Please repeat each line below exactly, with no images in the copy.

◆ Information supplied ◆
+===+

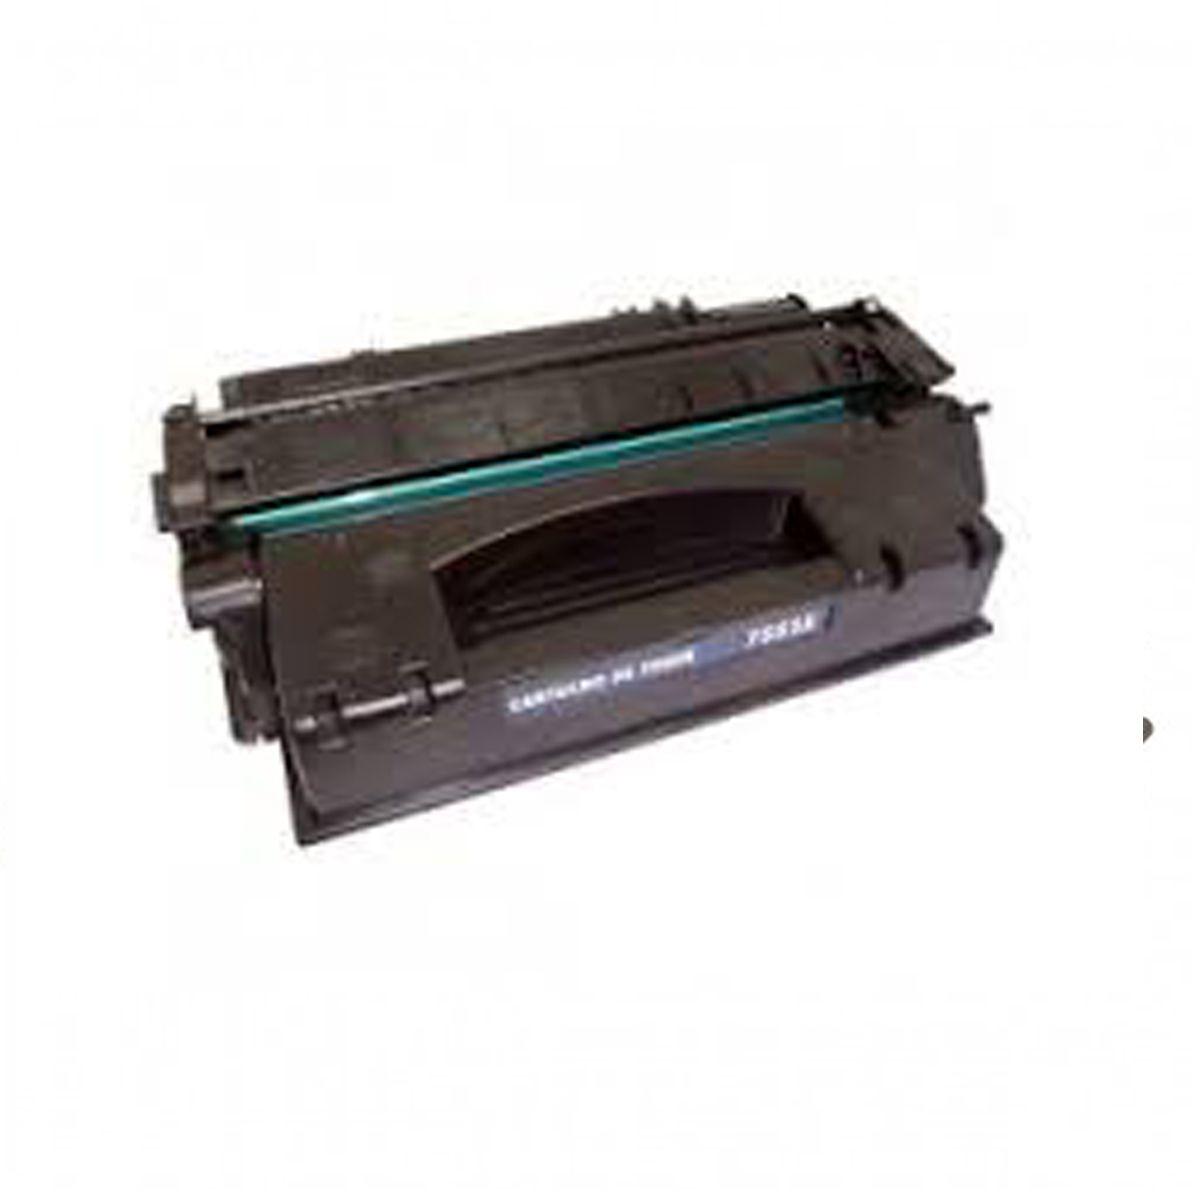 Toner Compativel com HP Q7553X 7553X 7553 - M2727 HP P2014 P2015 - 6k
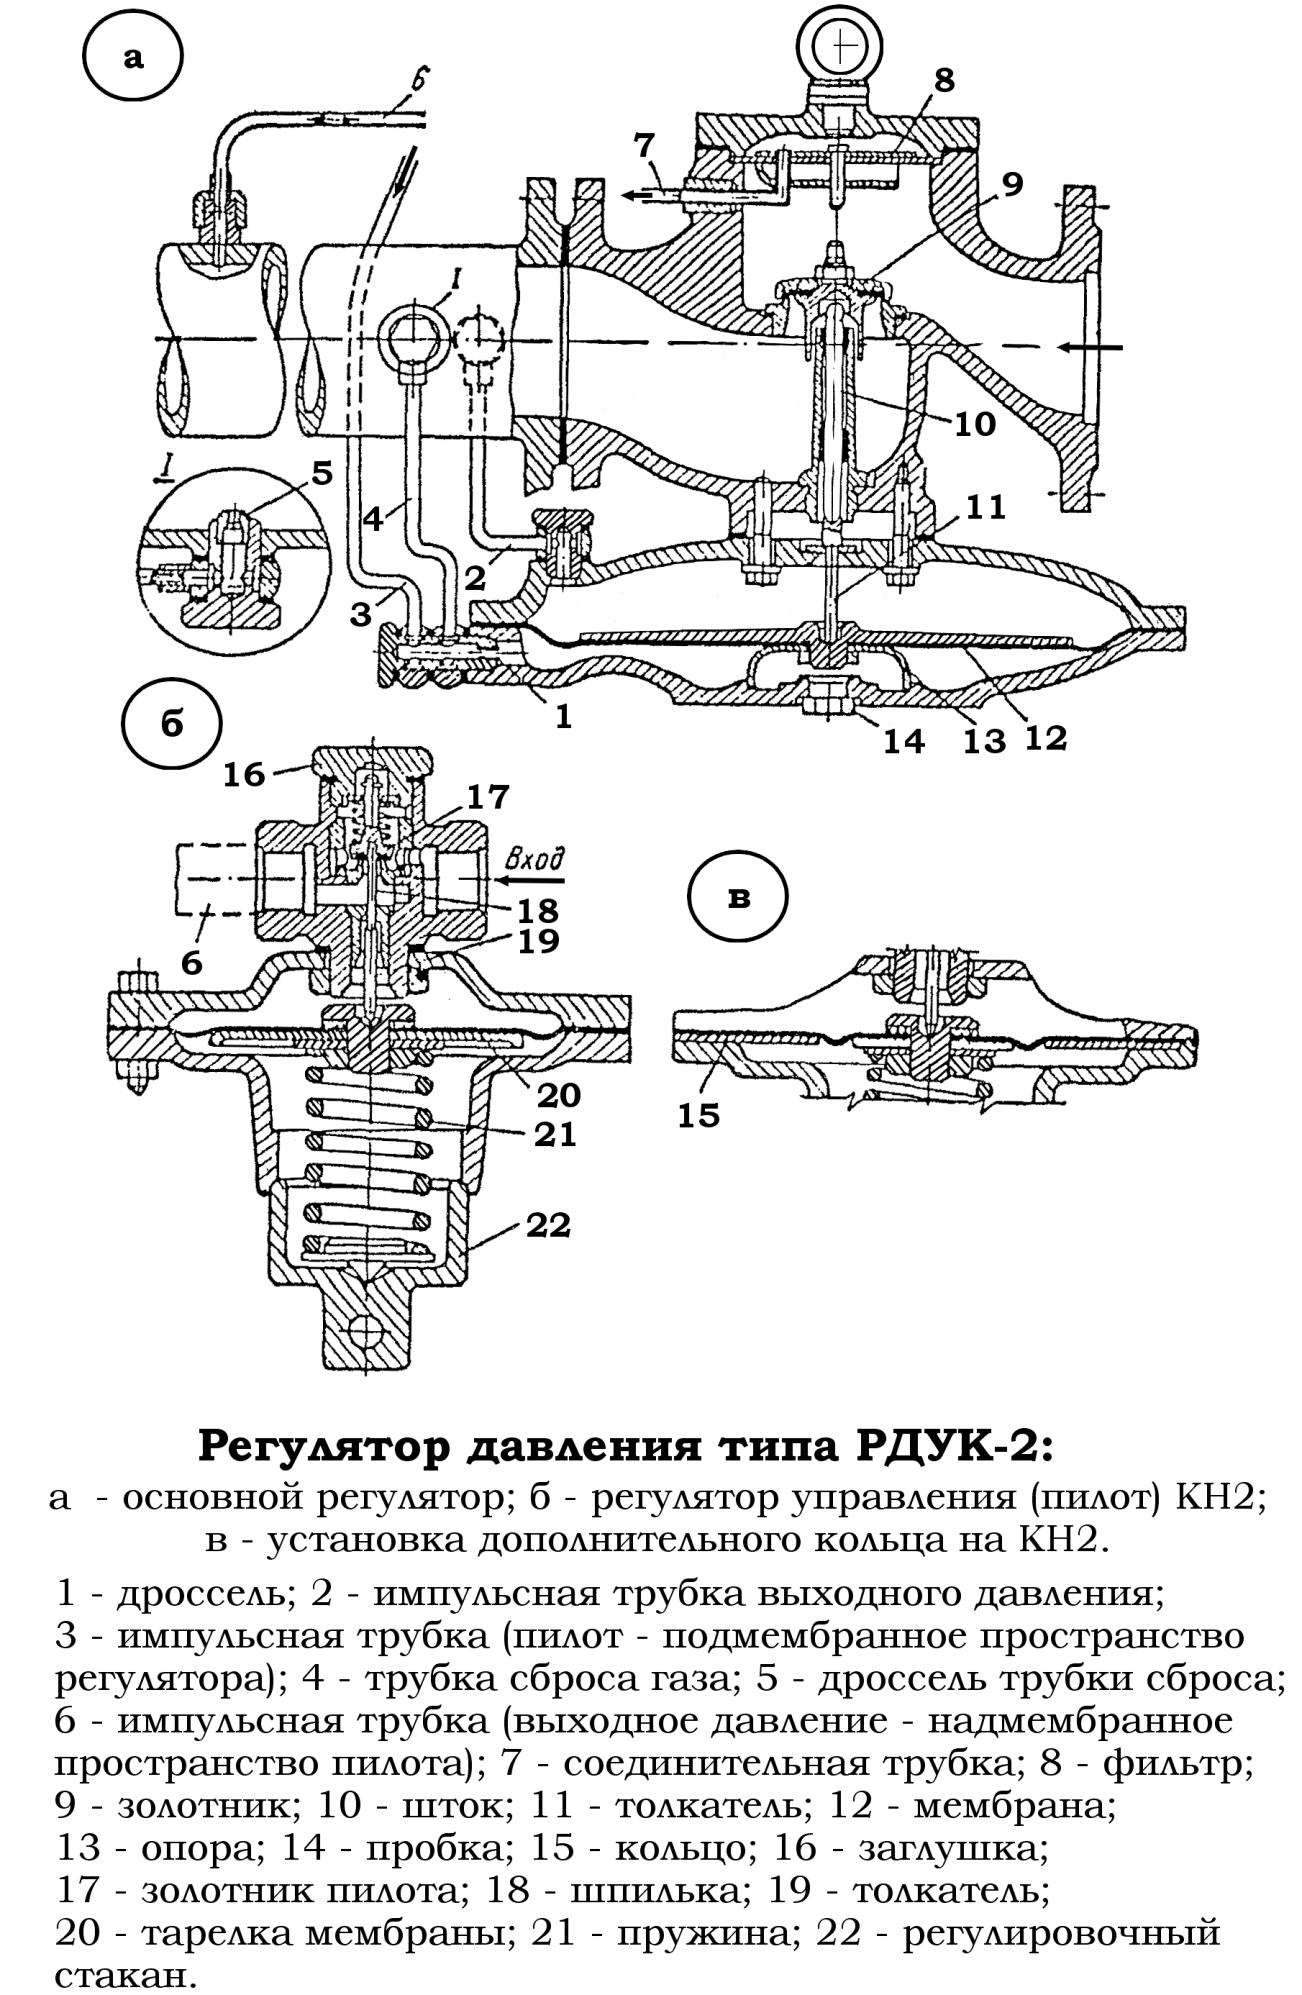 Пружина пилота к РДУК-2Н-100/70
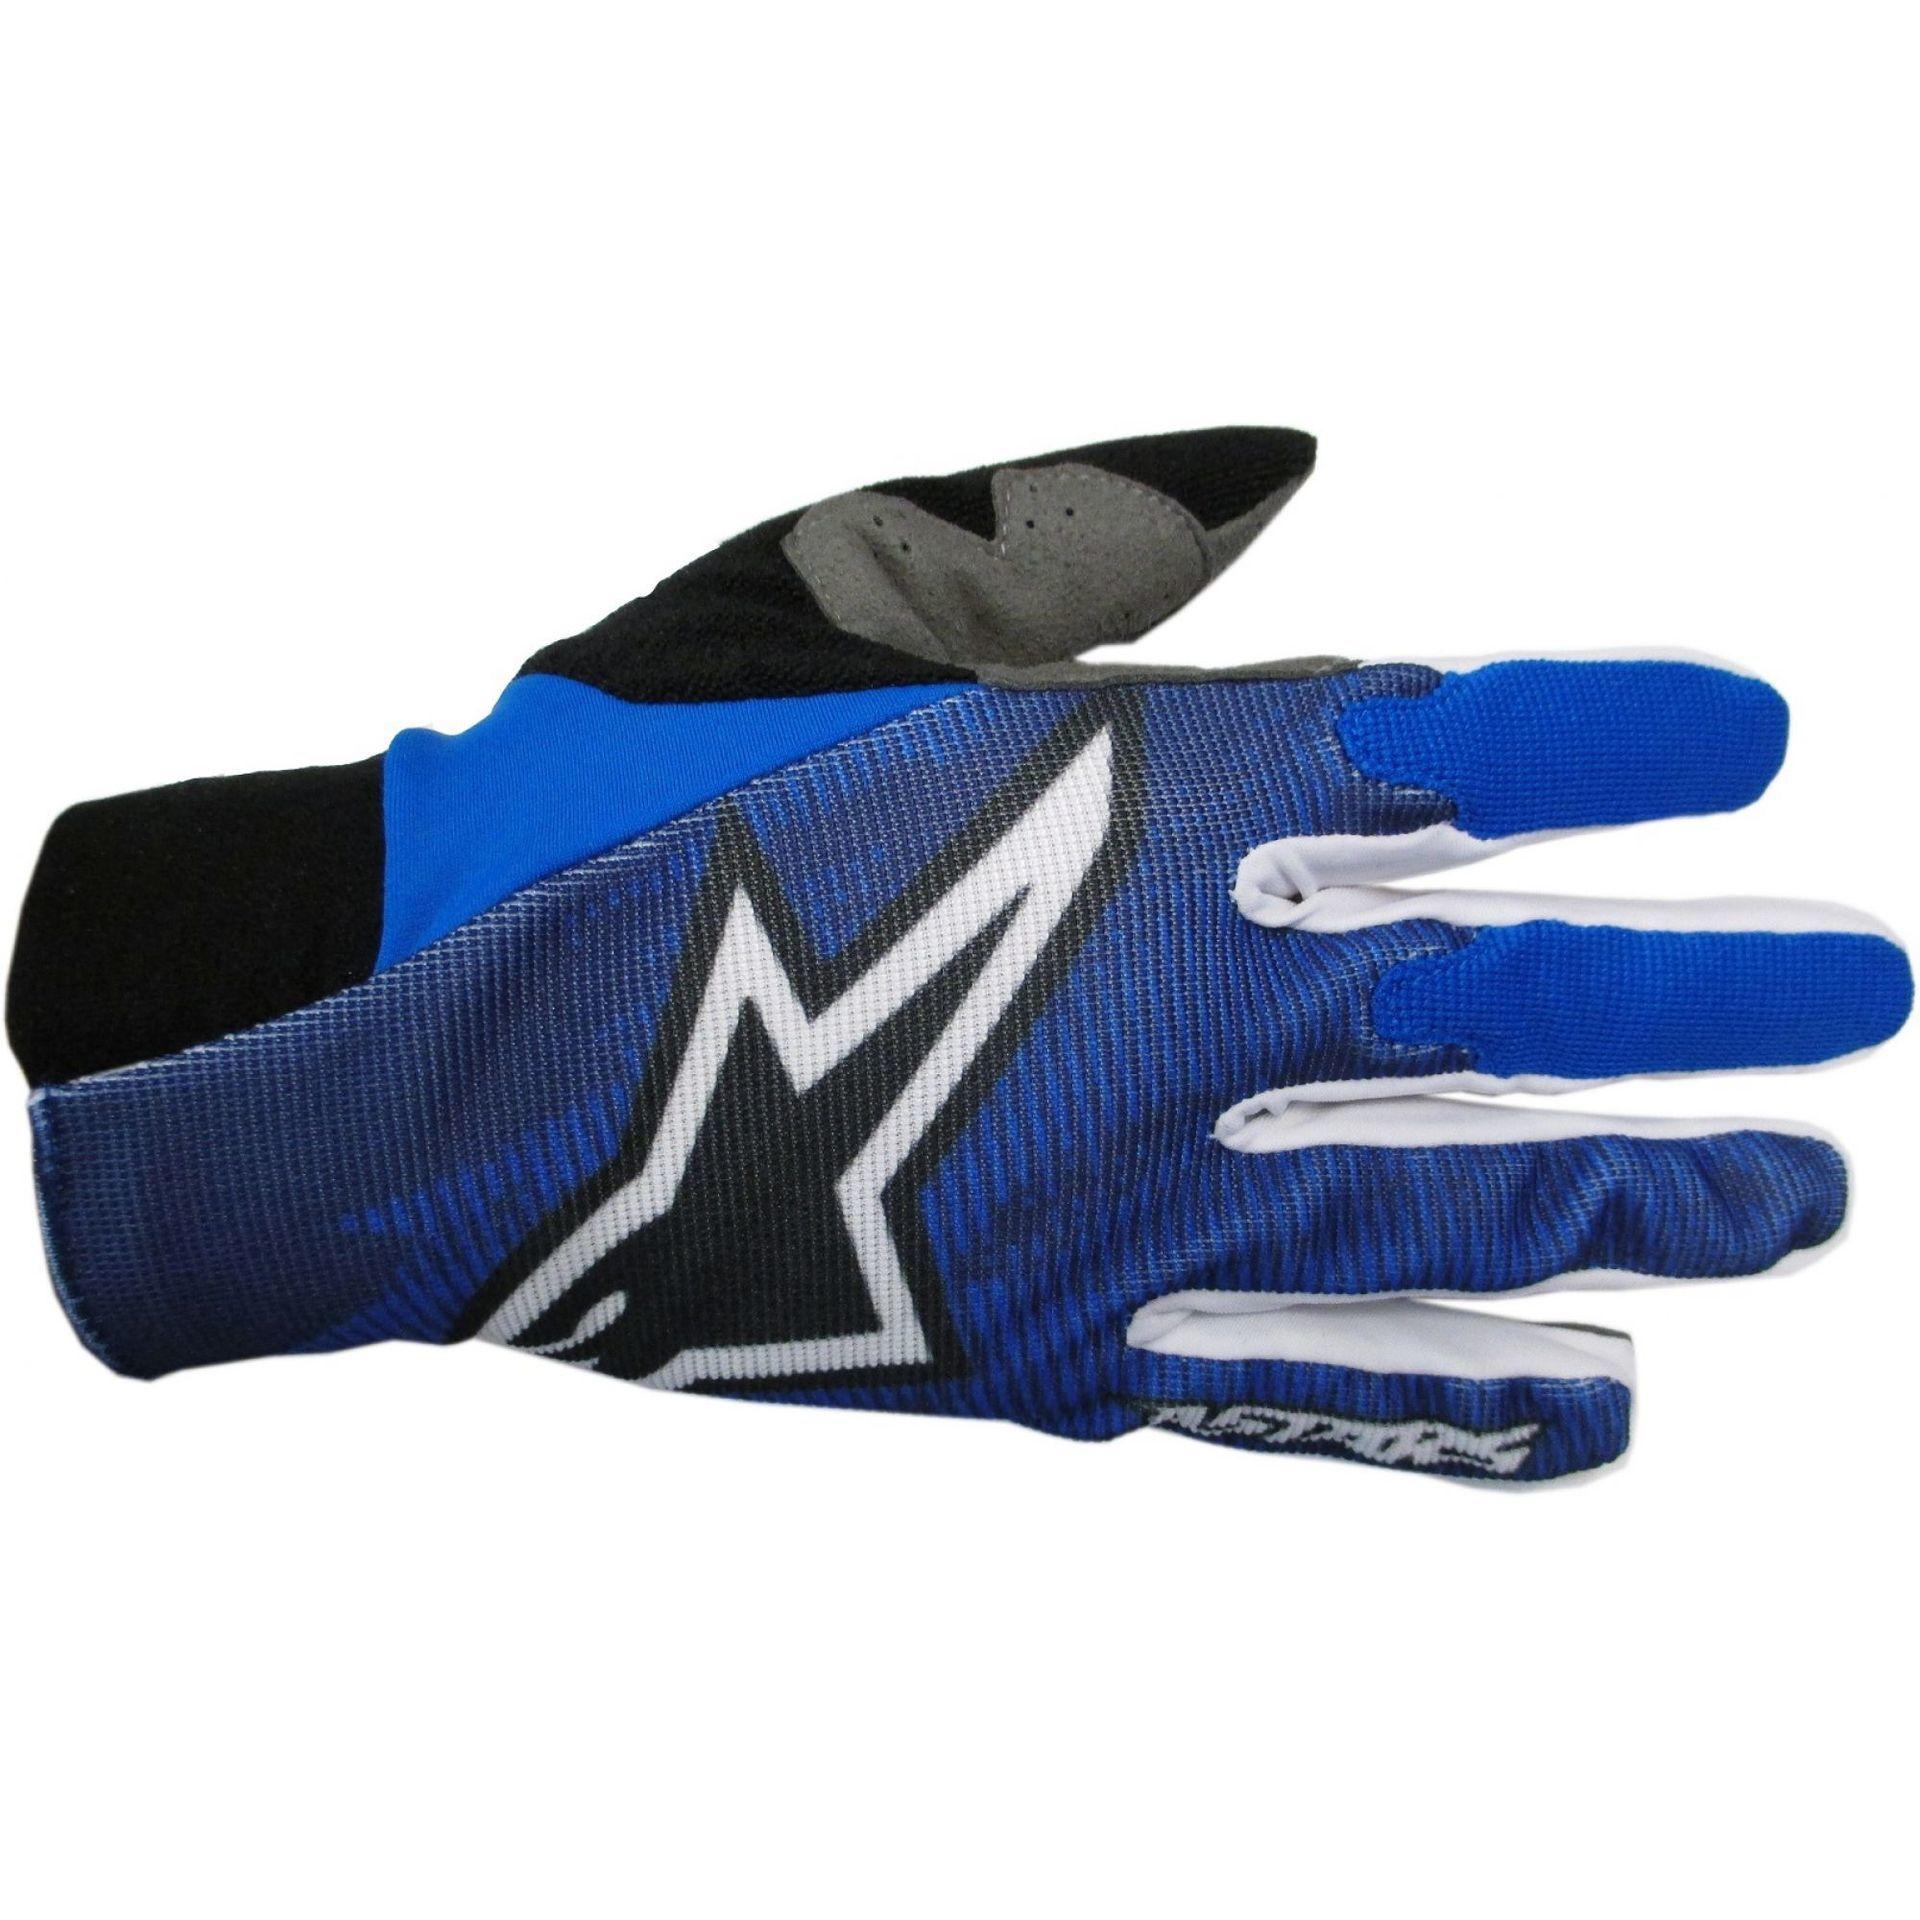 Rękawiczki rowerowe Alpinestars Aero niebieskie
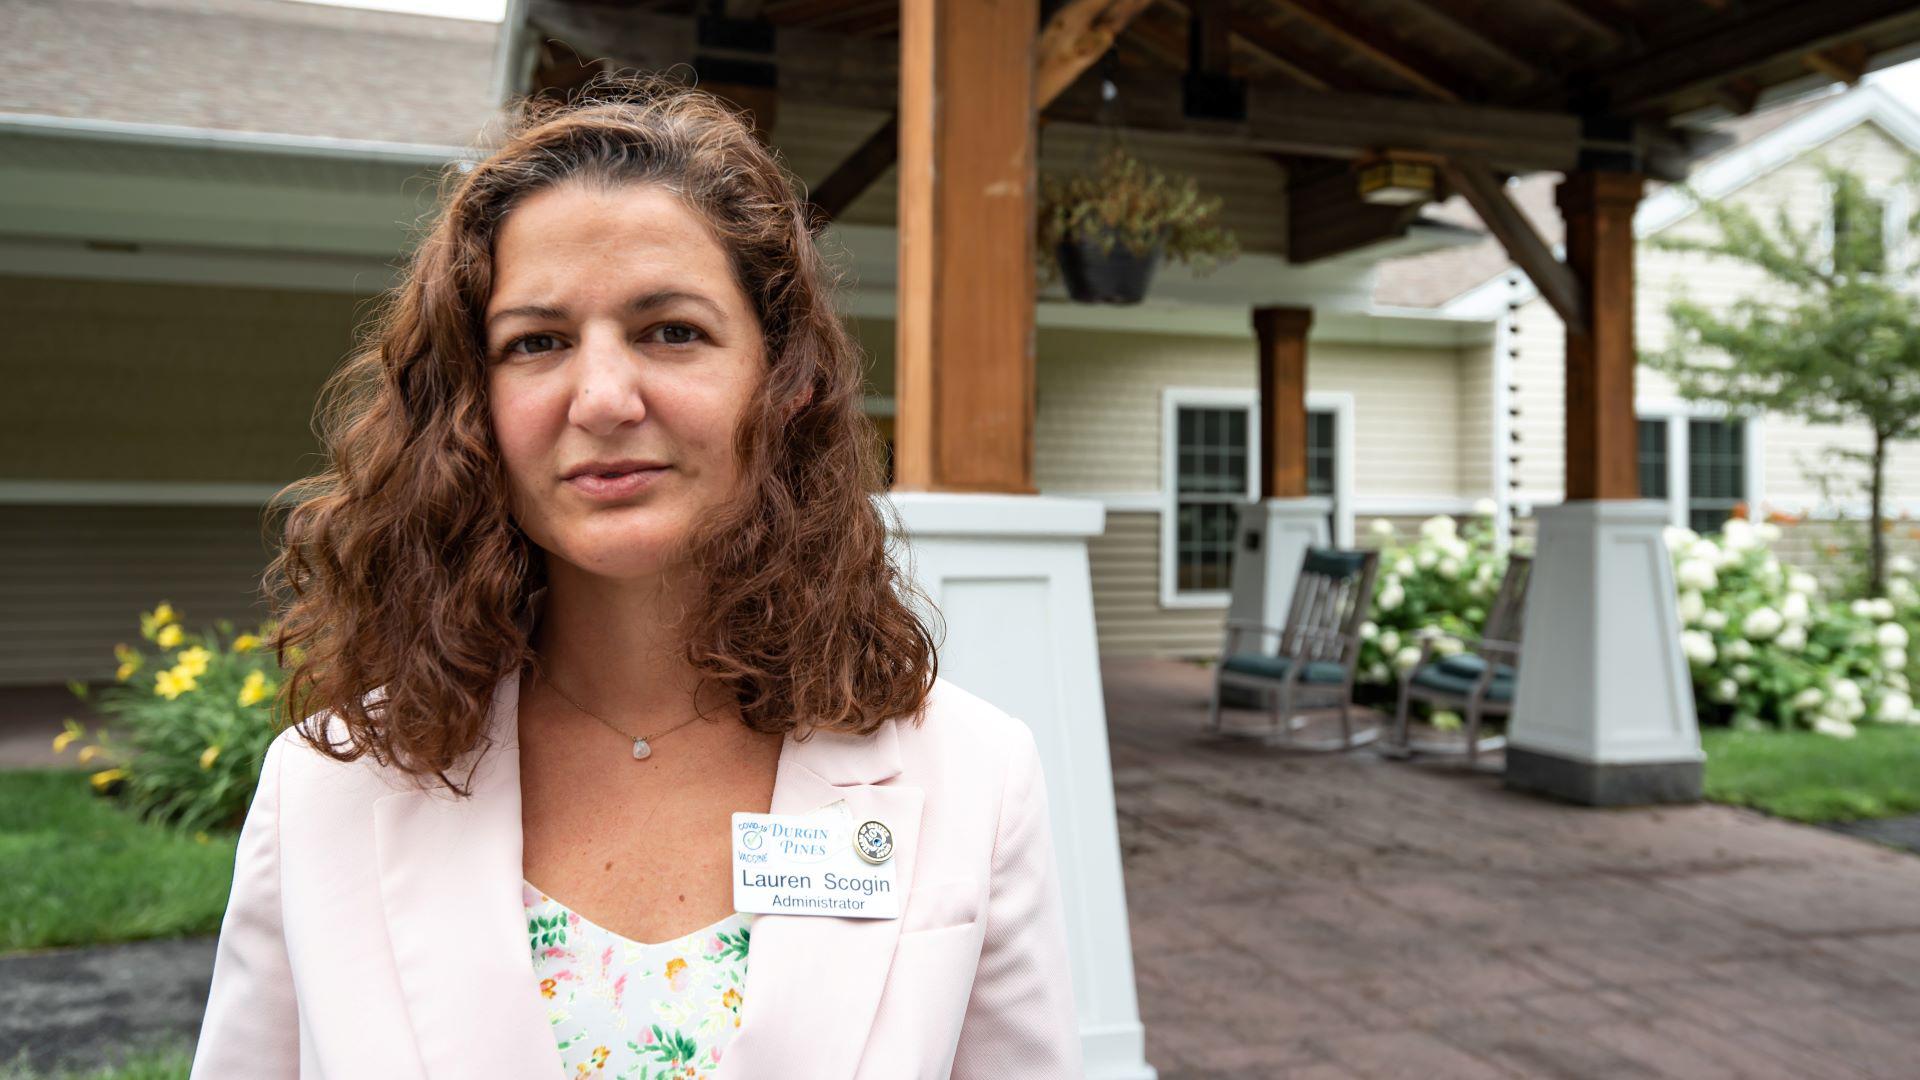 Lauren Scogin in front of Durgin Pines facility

+===+

◆ Response area ◆
 Toner Compativel com HP Q7553X 7553X 7553 - M2727 HP P2014 P2015 - 6k
 Пружина пилота к РДУК-2Н-100/70
 Rękawiczki rowerowe Alpinestars Aero niebieskie
 Lauren Scogin in front of Durgin Pines facility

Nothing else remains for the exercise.